Bansal Mukul S, Banay Guy, Gogarten J Peter, Shamir Ron
The Blavatnik School of Computer Science, Tel-Aviv University, Tel-Aviv, Israel.
J Comput Biol. 2011 Sep;18(9):1087-114. doi: 10.1089/cmb.2011.0066.
In a horizontal gene transfer (HGT) event, a gene is transferred between two species that do not have an ancestor-descendant relationship. Typically, no more than a few genes are horizontally transferred between any two species. However, several studies identified pairs of species between which many different genes were horizontally transferred. Such a pair is said to be linked by a highway of gene sharing. We present a method for inferring such highways. Our method is based on the fact that the evolutionary histories of horizontally transferred genes disagree with the corresponding species phylogeny. Specifically, given a set of gene trees and a trusted rooted species tree, each gene tree is first decomposed into its constituent quartet trees and the quartets that are inconsistent with the species tree are identified. Our method finds a pair of species such that a highway between them explains the largest (normalized) fraction of inconsistent quartets. For a problem on n species and m input quartet trees, we give an efficient O(m + n(2))-time algorithm for detecting highways, which is optimal with respect to the quartets input size. An application of our method to a dataset of 1128 genes from 11 cyanobacterial species, as well as to simulated datasets, illustrates the efficacy of our method.

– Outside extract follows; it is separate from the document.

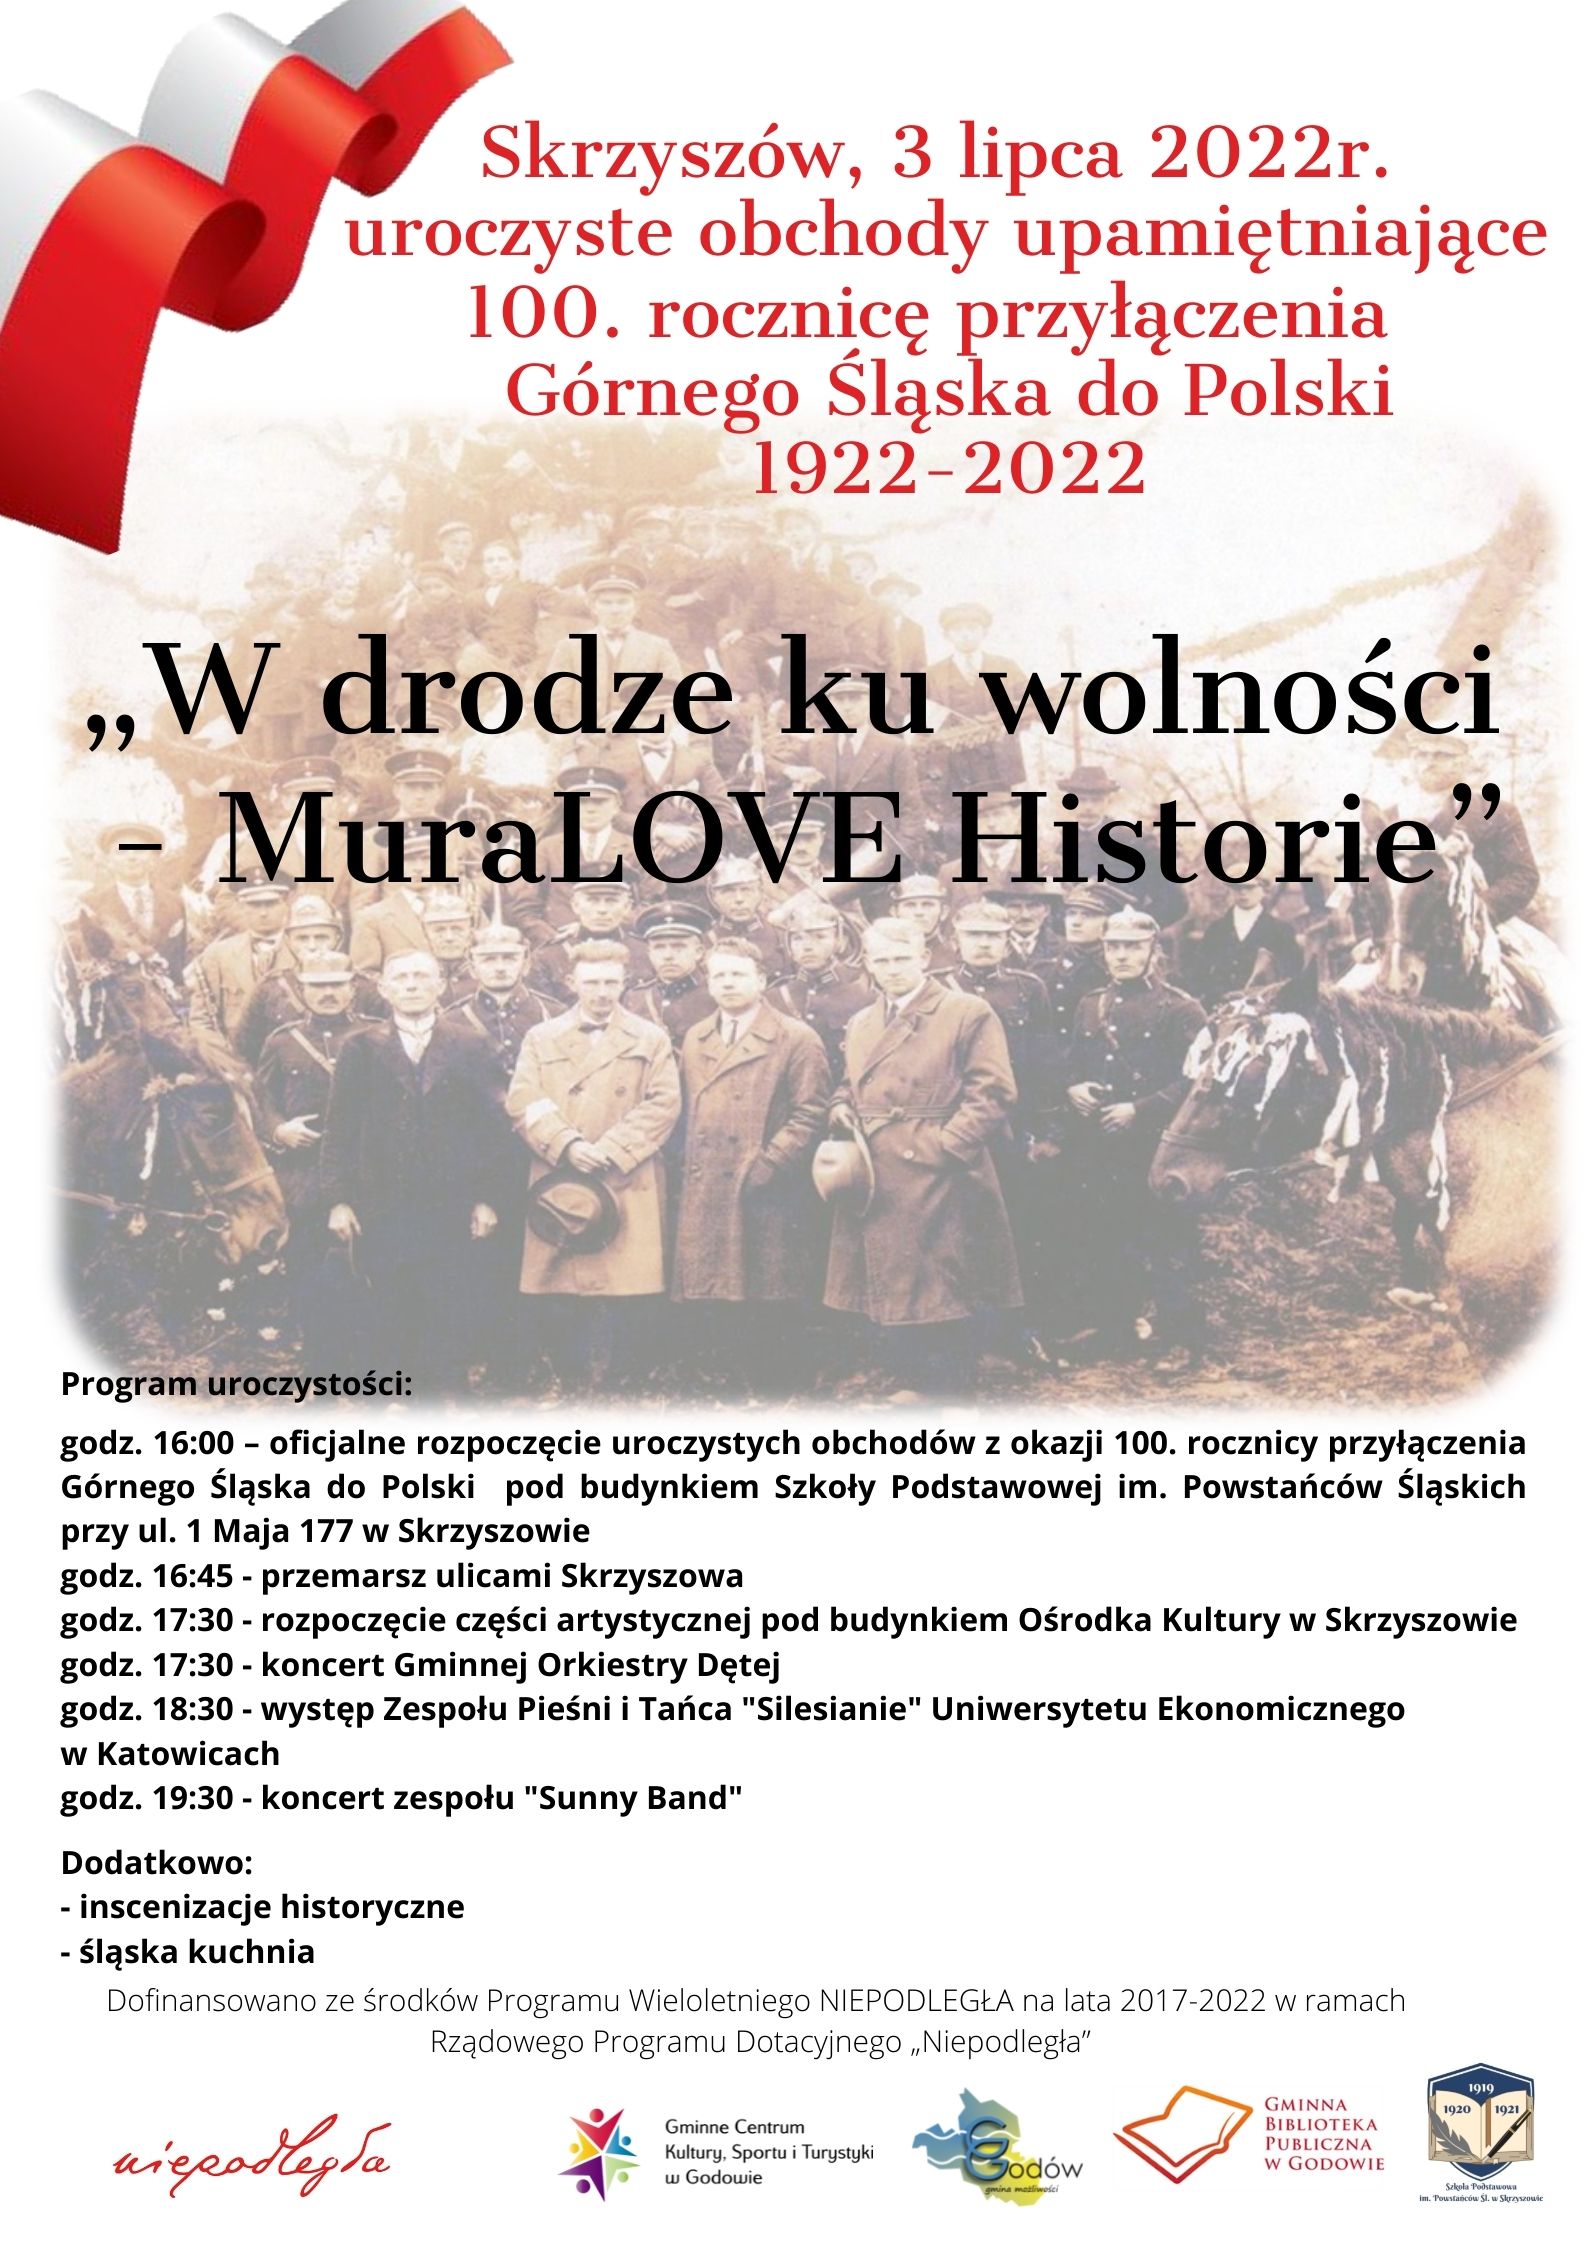 W drodze ku wolności plakat informujący o obchodach 100 rocznicy przyłączenia części Górnego Śląska do Polski

在水平基因转移(HGT)事件中,一个基因在两个没有祖先 - 后代关系的物种之间转移。通常,任意两个物种之间水平转移的基因不超过少数几个。然而,多项研究确定了许多不同基因在其间发生水平转移的物种对。这样的一对物种被称为通过基因共享通道相连。我们提出了一种推断此类通道的方法。我们的方法基于这样一个事实,即水平转移基因的进化历史与相应的物种系统发育不一致。具体而言,给定一组基因树和一个可信的有根物种树,首先将每个基因树分解为其组成的四重树,并识别出与物种树不一致的四重树。我们的方法找到一对物种,使得它们之间的通道能够解释最大(归一化)比例的不一致四重树。对于一个涉及n个物种和m个输入四重树的问题,我们给出了一种用于检测通道的高效O(m + n(2))时间算法,就四重树输入大小而言,该算法是最优的。我们的方法应用于来自11个蓝藻物种的1128个基因的数据集以及模拟数据集,说明了我们方法的有效性。